Aim of the task
Starting with the line that contains "Doudou Sans Nom", return every line through the end of the listing below exactly as written. Omit the pictures.

Information provided
↓↓↓

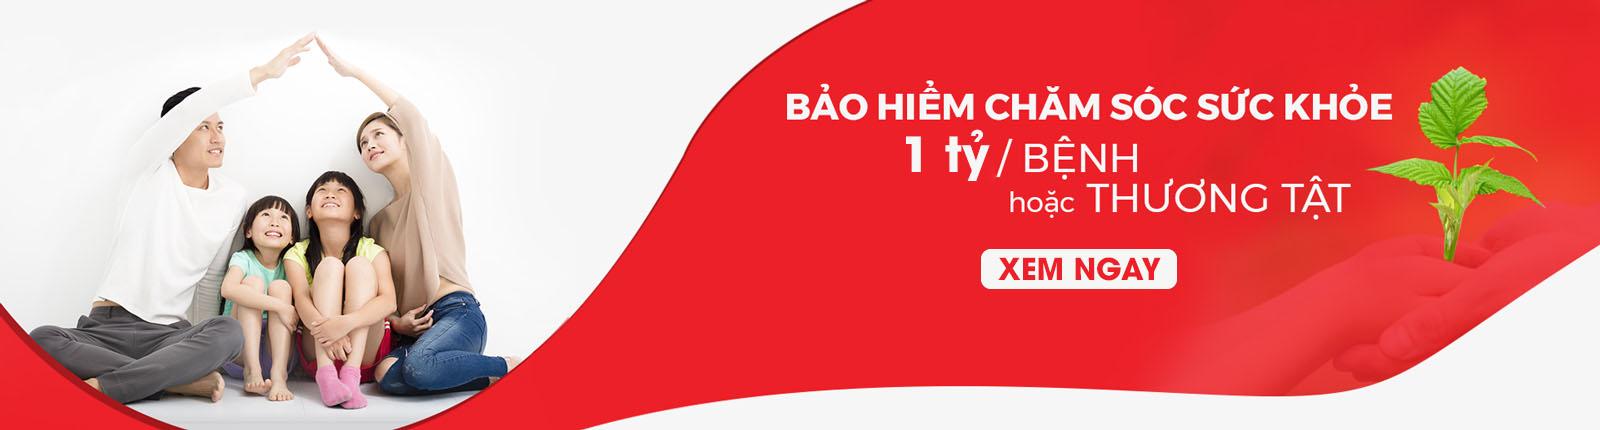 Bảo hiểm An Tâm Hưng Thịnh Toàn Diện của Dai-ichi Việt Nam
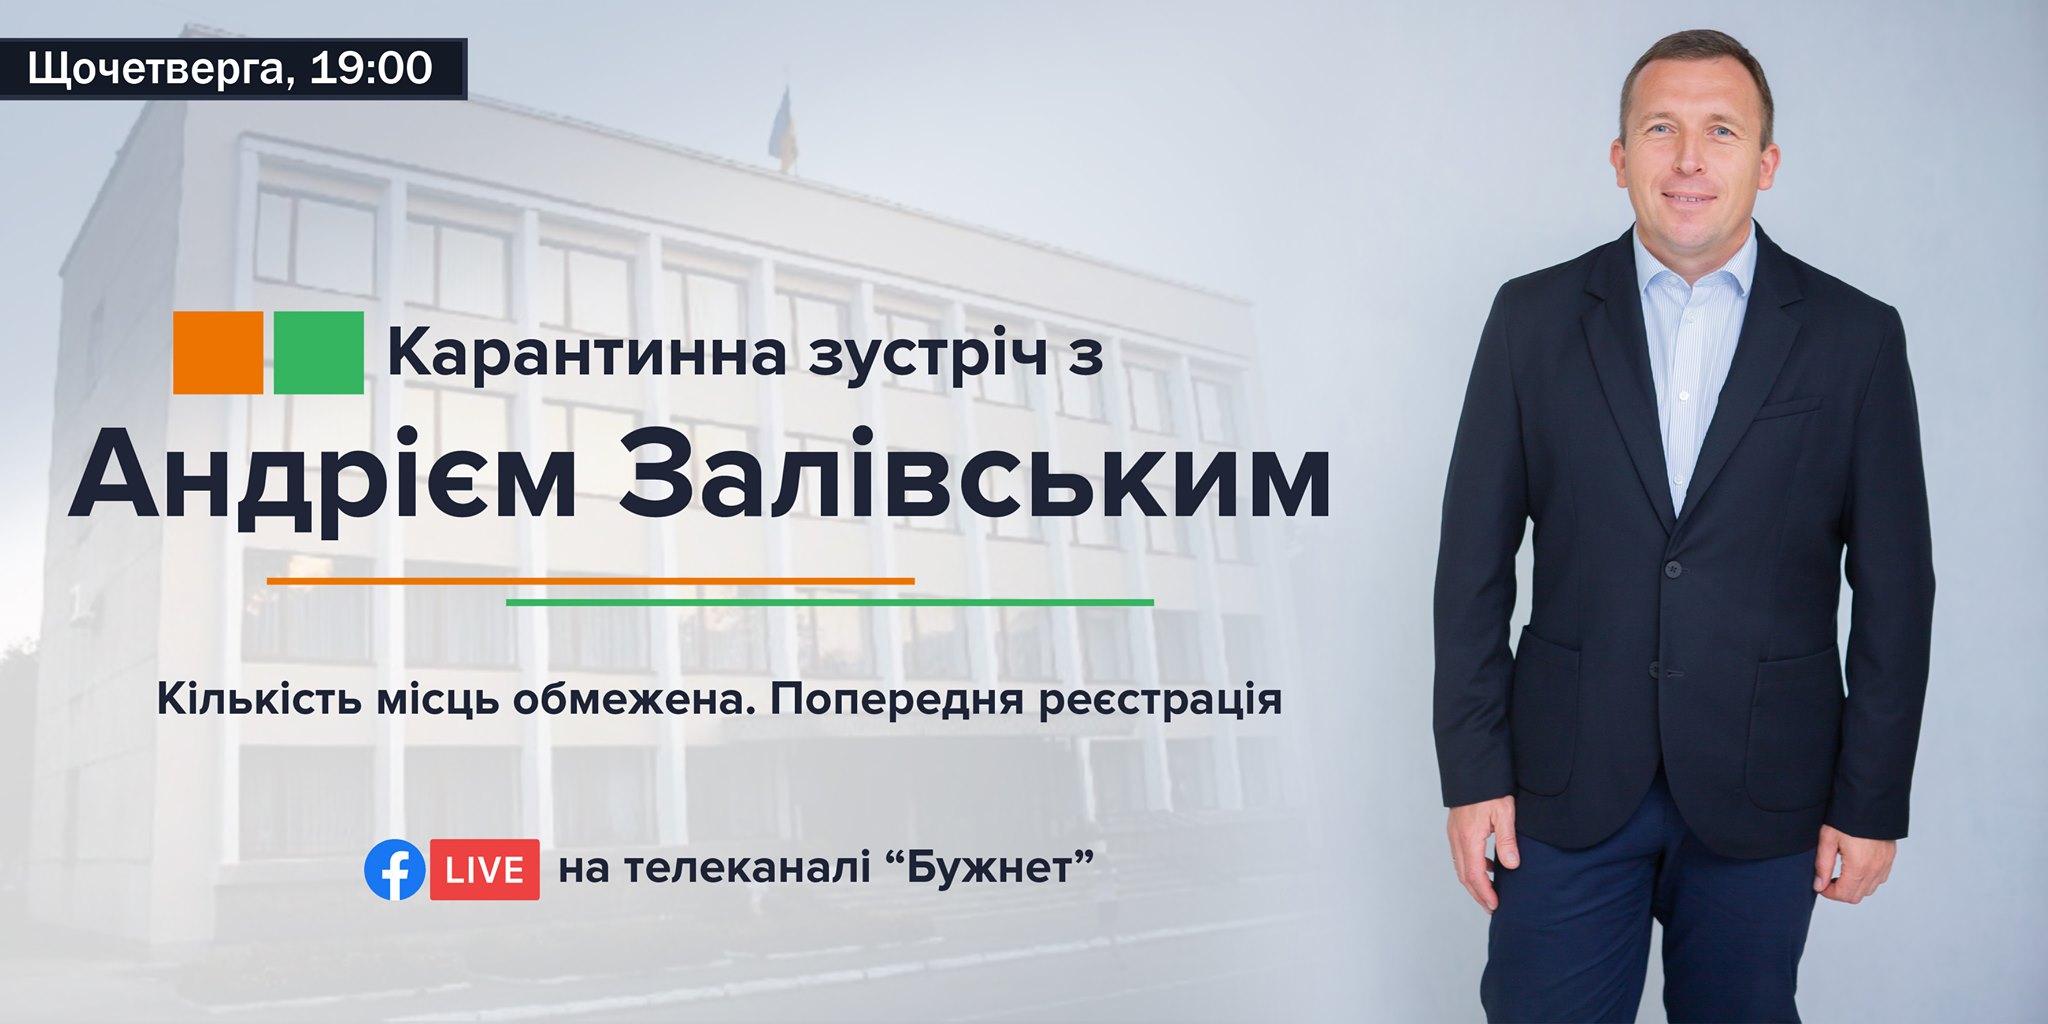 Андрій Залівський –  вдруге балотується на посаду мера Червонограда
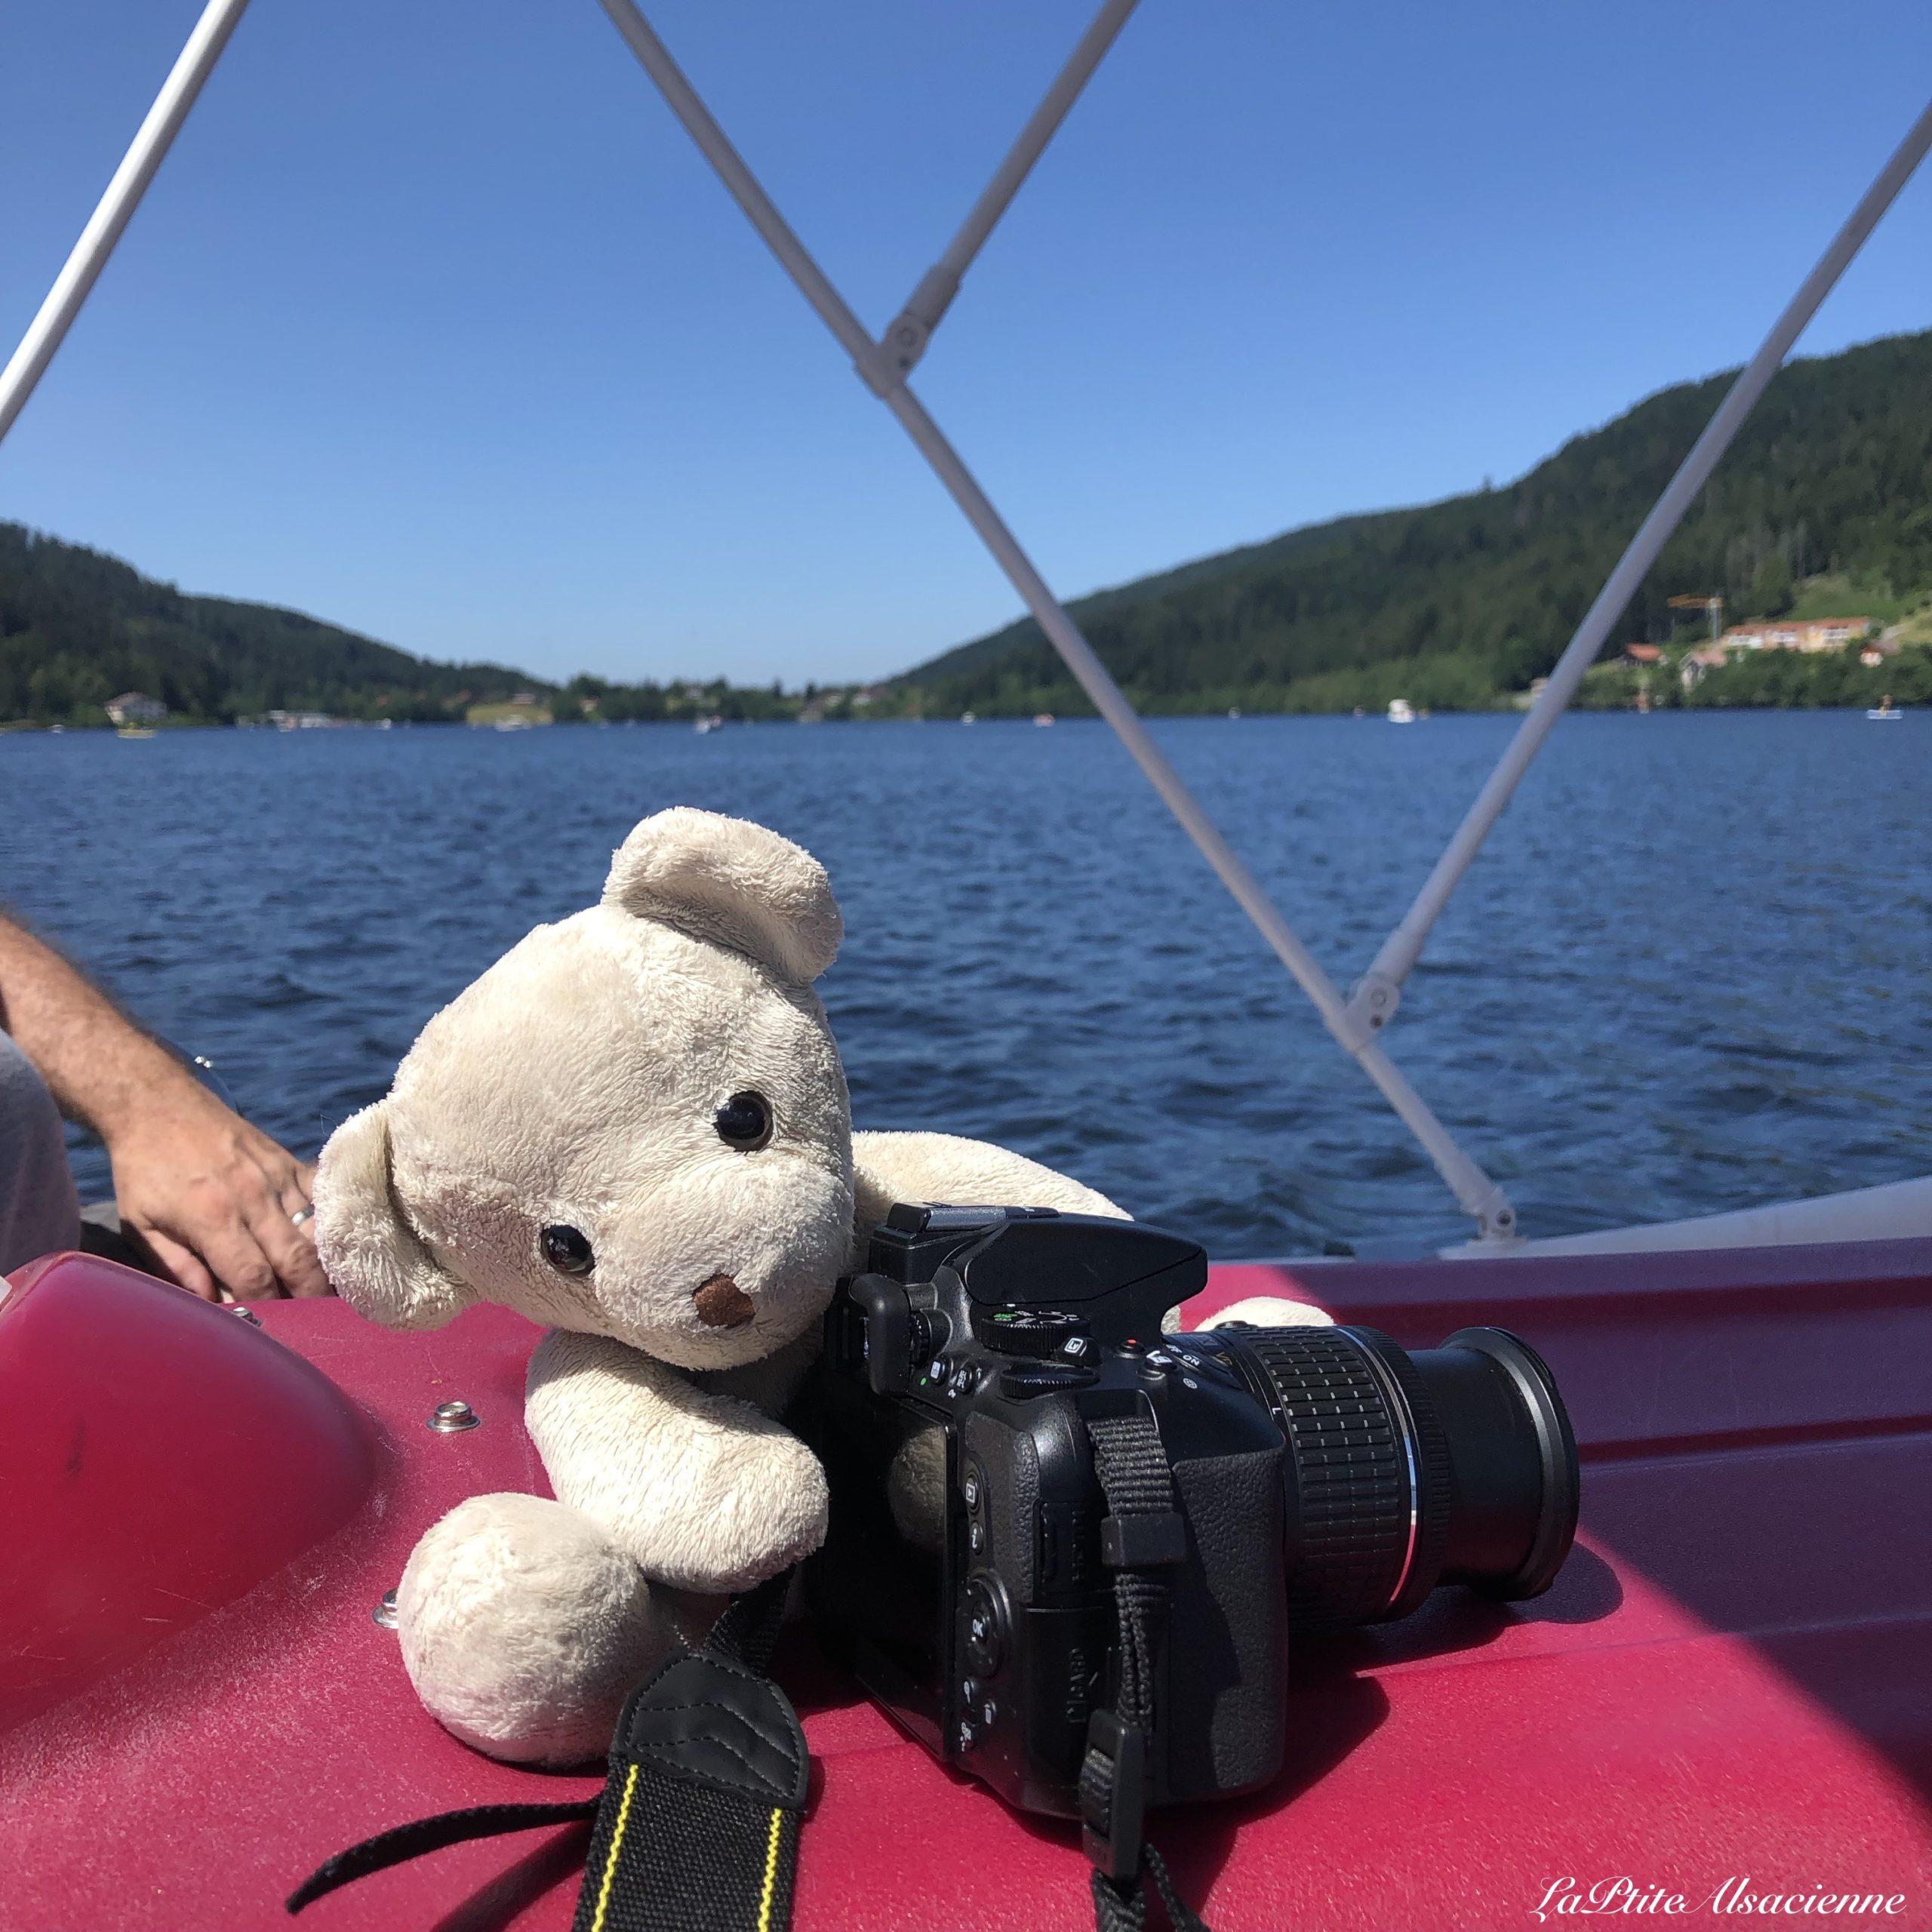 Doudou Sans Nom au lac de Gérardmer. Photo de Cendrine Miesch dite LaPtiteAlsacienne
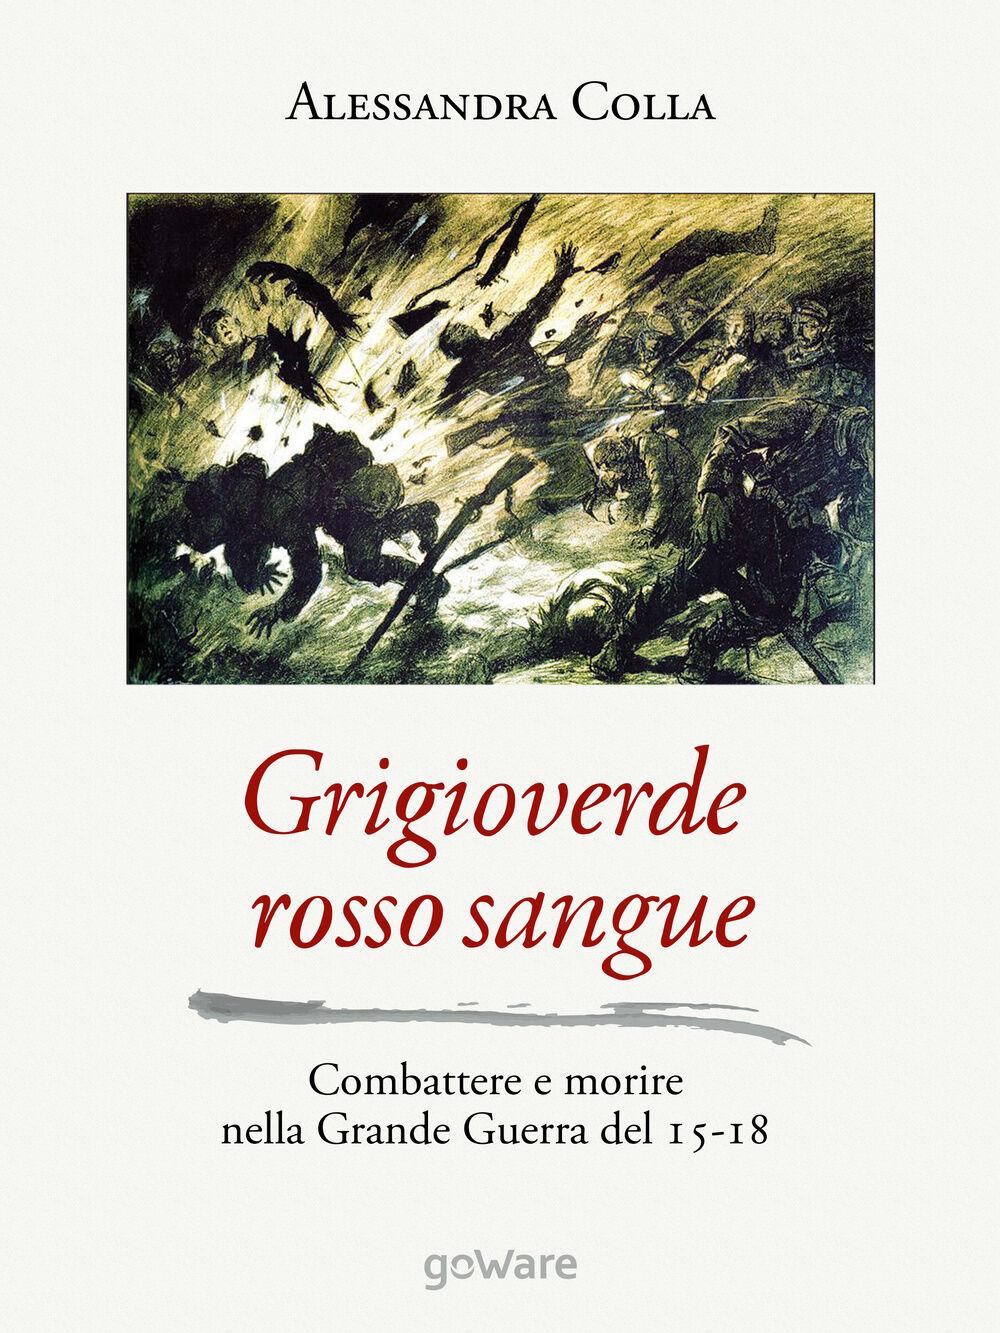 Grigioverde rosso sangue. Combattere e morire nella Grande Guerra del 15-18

↑↑↑

Expected answer
 Doudou Sans Nom au lac de Gérardmer. Photo de Cendrine Miesch dite LaPtiteAlsacienne
 Grigioverde rosso sangue. Combattere e morire nella Grande Guerra del 15-18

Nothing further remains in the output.